I am facing a challenge with my EKS cluster and IRSA.
I have created a service account in K8 associated with an AWS role, via the eksctl create iamserviceaccount.. command. After that, I have modified the maximum session duration of the role in the AWS console, setting it to 12 hours.
I then used said service account in my deployment. Everything looks good once the workload runs in the cluster and my pod is able to assume the associated AWS role.
Whenever the pod executes an action that requires IAM auth, boto3 issues a AssumeRoleWithWebIdentity call and a set of temporary credentials are returned by AWS IAM (point 4 and 5 in the diagram below, source https://aws.amazon.com/blogs/containers/diving-into-iam-roles-for-service-accounts/). These credentials (by looking in CloudTrail) last 1 hour, and this is in line with the default duration_seconds for such call (see here https://docs.aws.amazon.com/STS/latest/APIReference/API_AssumeRoleWithWebIdentity.html).

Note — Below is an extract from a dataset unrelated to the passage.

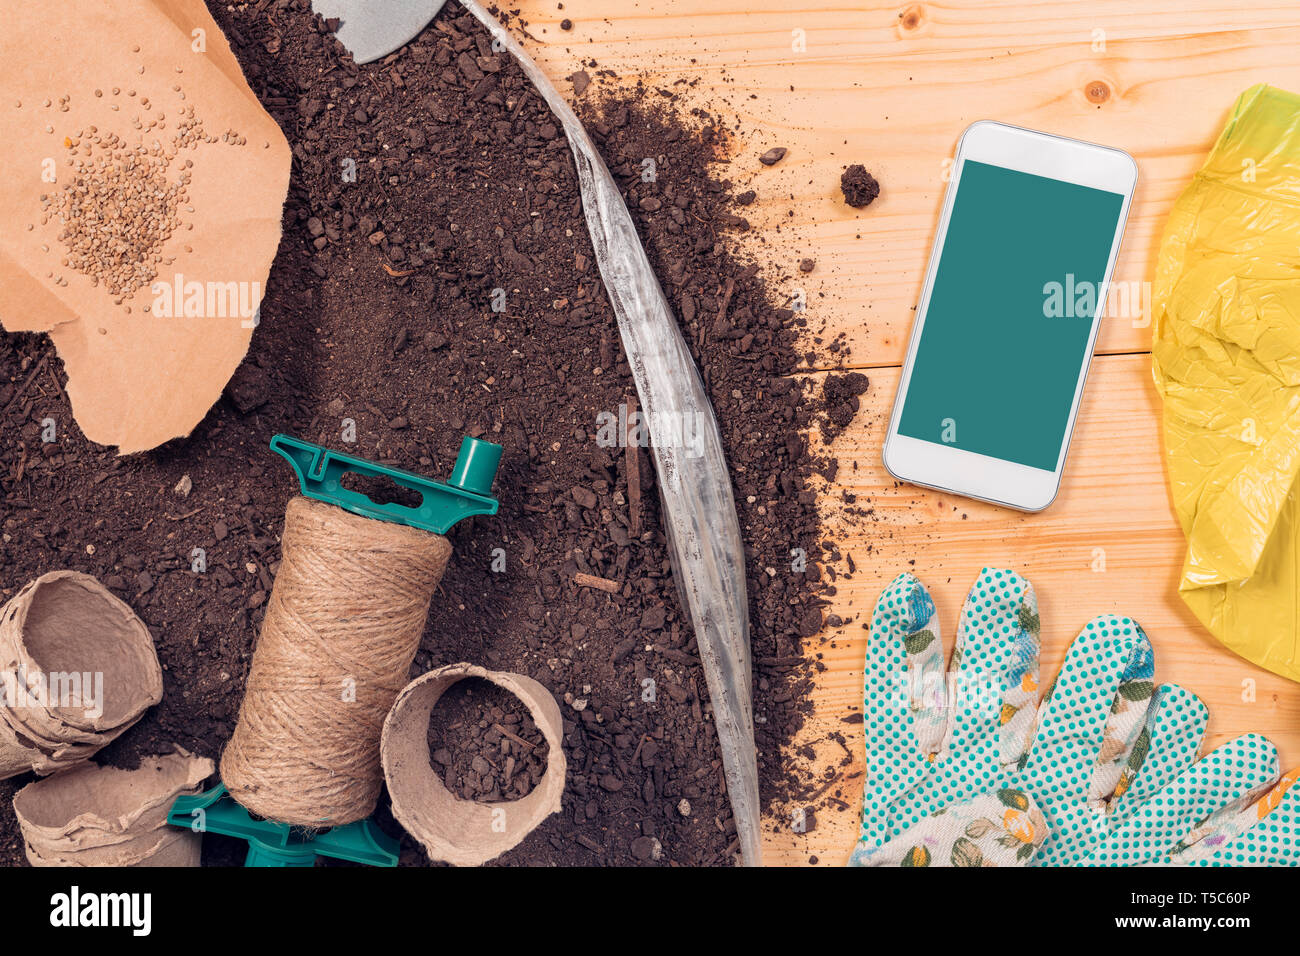 Smartphone screen mock up for gardening and seeding app with tools and equipment on potting soil Stock Photo

I want those credentials to last more than 1 hour, I'd like for those to last 12 hours. The only way to achieve so, as far as I understood, is to specify durations_seconds in the $HOME/.aws/config file within the pod. After implementing that and testing again, I saw that the temporary credentials still last 1 hour. At this point, I have no idea how to change the duration behaviour. Has anyone ever encountered this situation? If yes, how was this solved?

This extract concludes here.